Hoher Erwartungsdruck
Das Kabinett soll am Sonntagvormittag vereidigt werden. Dann muss es sich in beiden italienischen Kammern der Vertrauensabstimmung stellen. Da alle drei wichtigen Strömungen in der Regierung vertreten sind, gibt es keinen Zweifel, dass das Parlament der Regierung Letta das Vertrauen ausspricht.
Das Kabinett steht unter einem hohen Erwartungsdruck. Italien geht es wirtschaftlich immer schlechter. Die Arbeitslosenzahlen, vor allem jene der Jungen, steigen dramatisch. Die Regierung muss schnell konkrete Erfolge vorweisen.
Vor allem muss die neue Regierung auch die verkrusteten politischen Institutionen reformieren. Dringend benötigt wird ein neues Wahlgesetz, das Patt-Situationen, wie sie nach den Wahlen vom 25. Februar eintraten, verunmöglichen.
Was geschieht mit der Steuer auf Eigenheimen?
Interessant ist, was mit der Steuer auf Eigenheimen geschehen wird. Berlusconi hat in den letzten Monaten vehement für eine Abschaffung der von Mario Monti wieder eingeführten Steuer gekämpft. Die Italiener sind kein Volk von Mietern. 82 Prozent besitzen ein Haus, einen Hausteil oder eine Wohnung. Die neue Steuer auf Eigenheimen belastet vor allem den Mittelstand und ärmere Schichten schwer. Hat Berlusconi die Beteiligung an der Regierung davon abhängig gemacht, dass diese Steuer, Imu genannt, annulliert wird? Wenn nicht, verliert er im Land an Ansehen.

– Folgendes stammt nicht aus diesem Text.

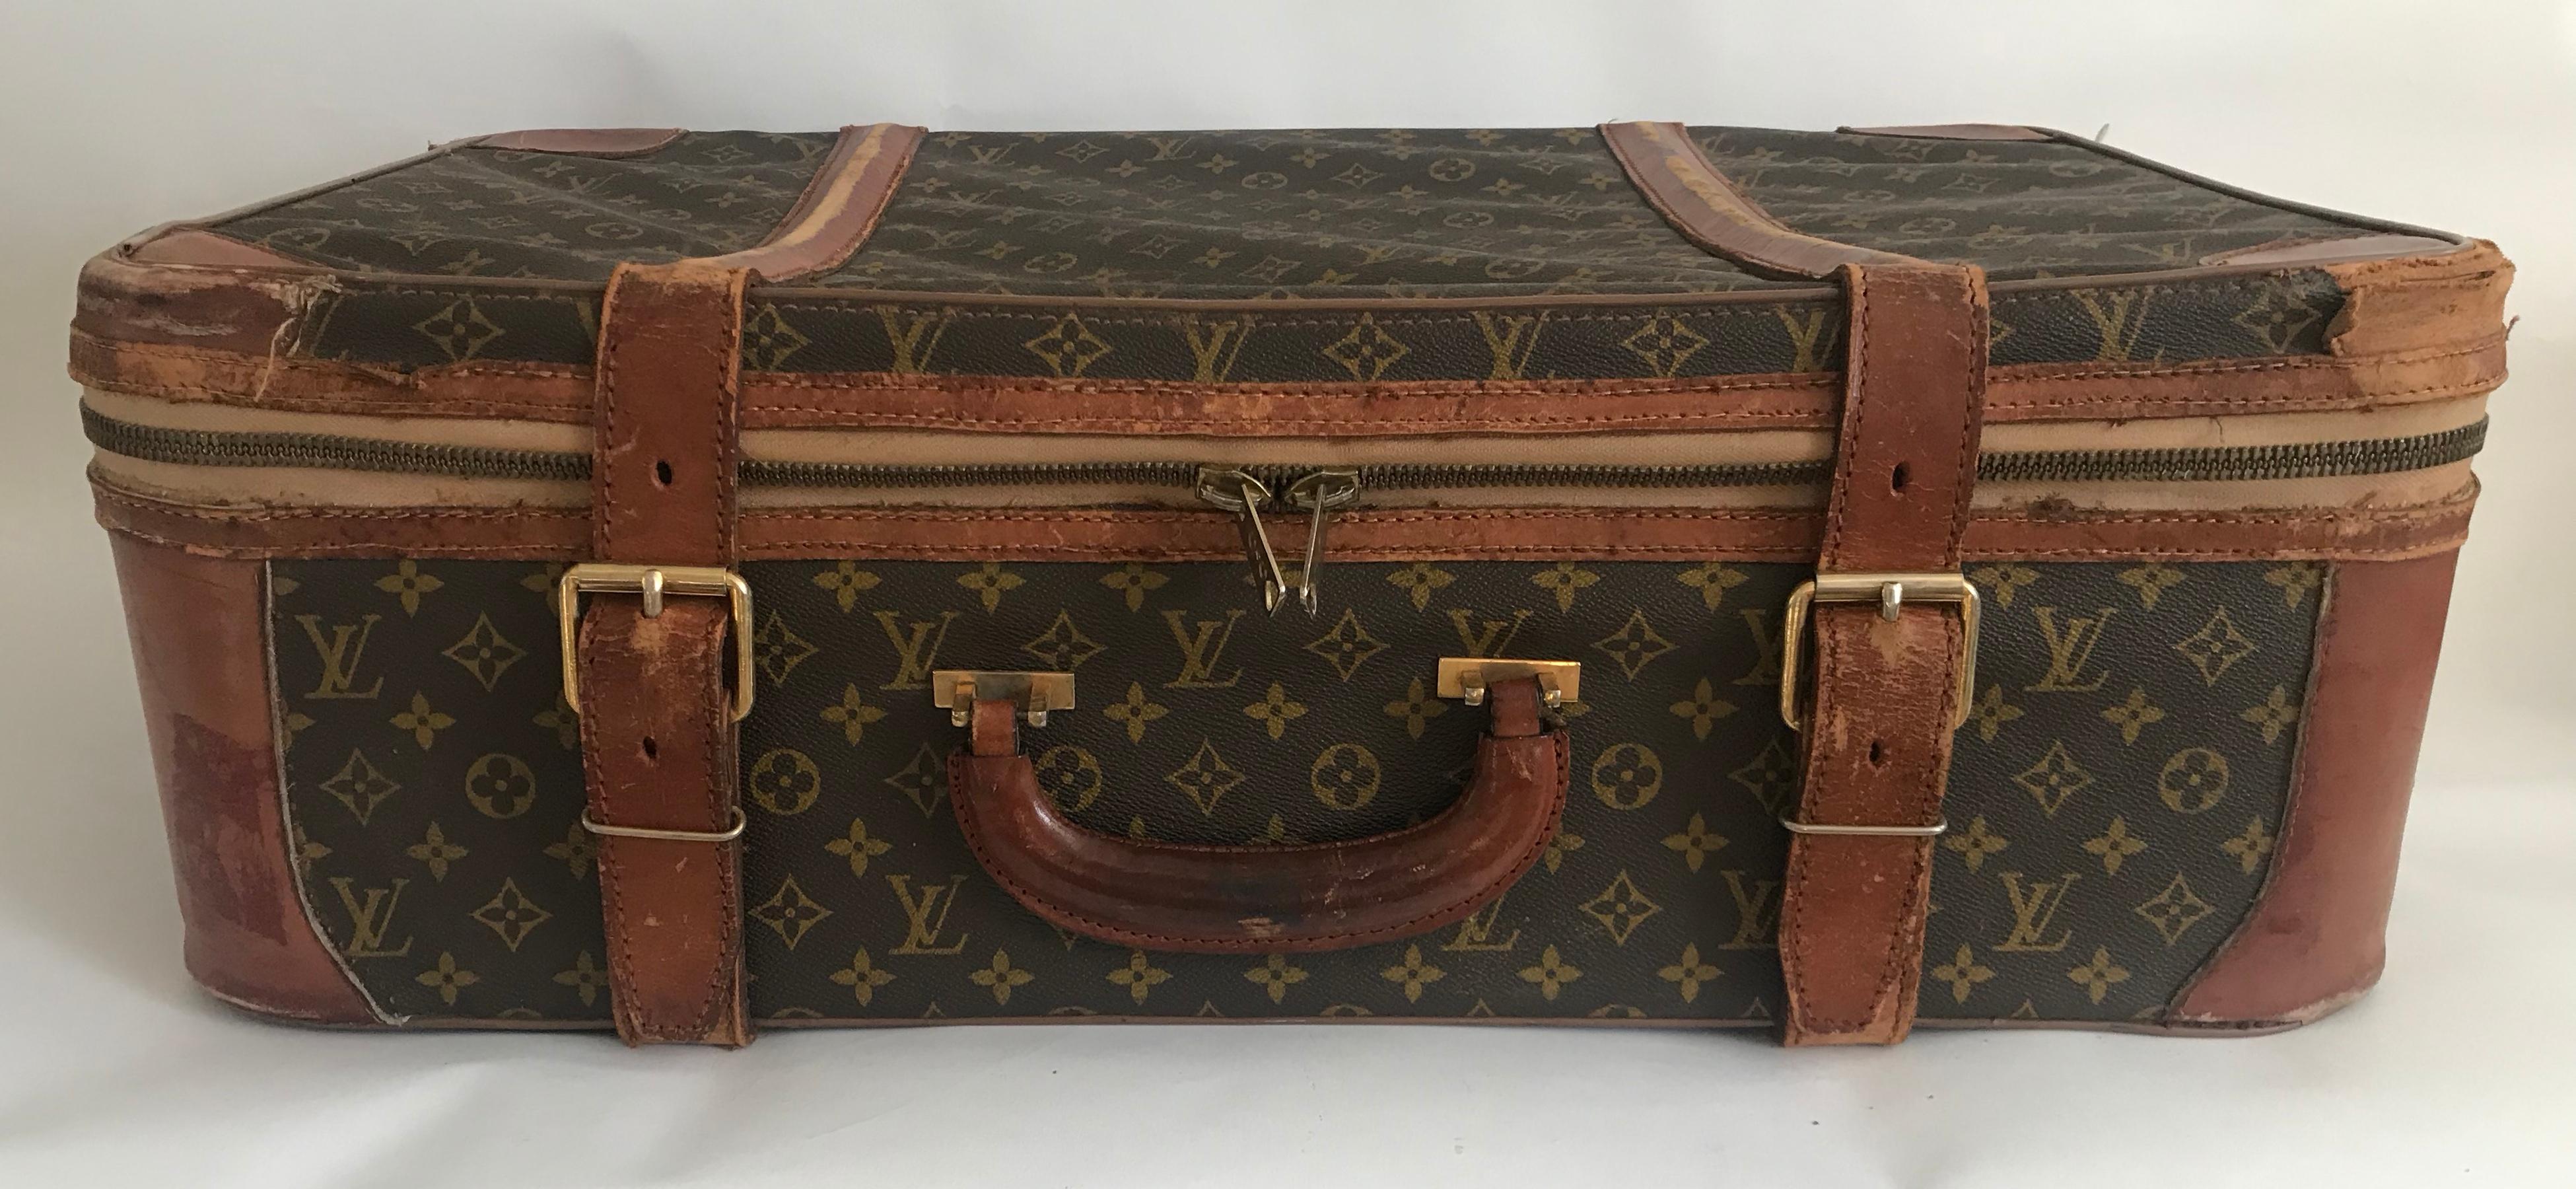 Brown and beige leather and canvas monogram suitcase from Louis Vuitton Vintage featuring a round top handle, a hanging luggage tag, buckle fastenings, a monogram print, leather trims, elasticated internal side pockets and internal buckle straps.
 

Berlusconi selbst erklärte seit Tagen, er habe keine Absicht, in die neue Regierung einzutreten. In einem Interview mit dem amerikanischen Fernsehsender Fox erklärte er: „Ich werde nie mehr Ministerpräsident“. Berlusconi hat sich schon oft selbst korrigiert. Vorerst wird er sicher aus dem Hintergrund die Fäden ziehen.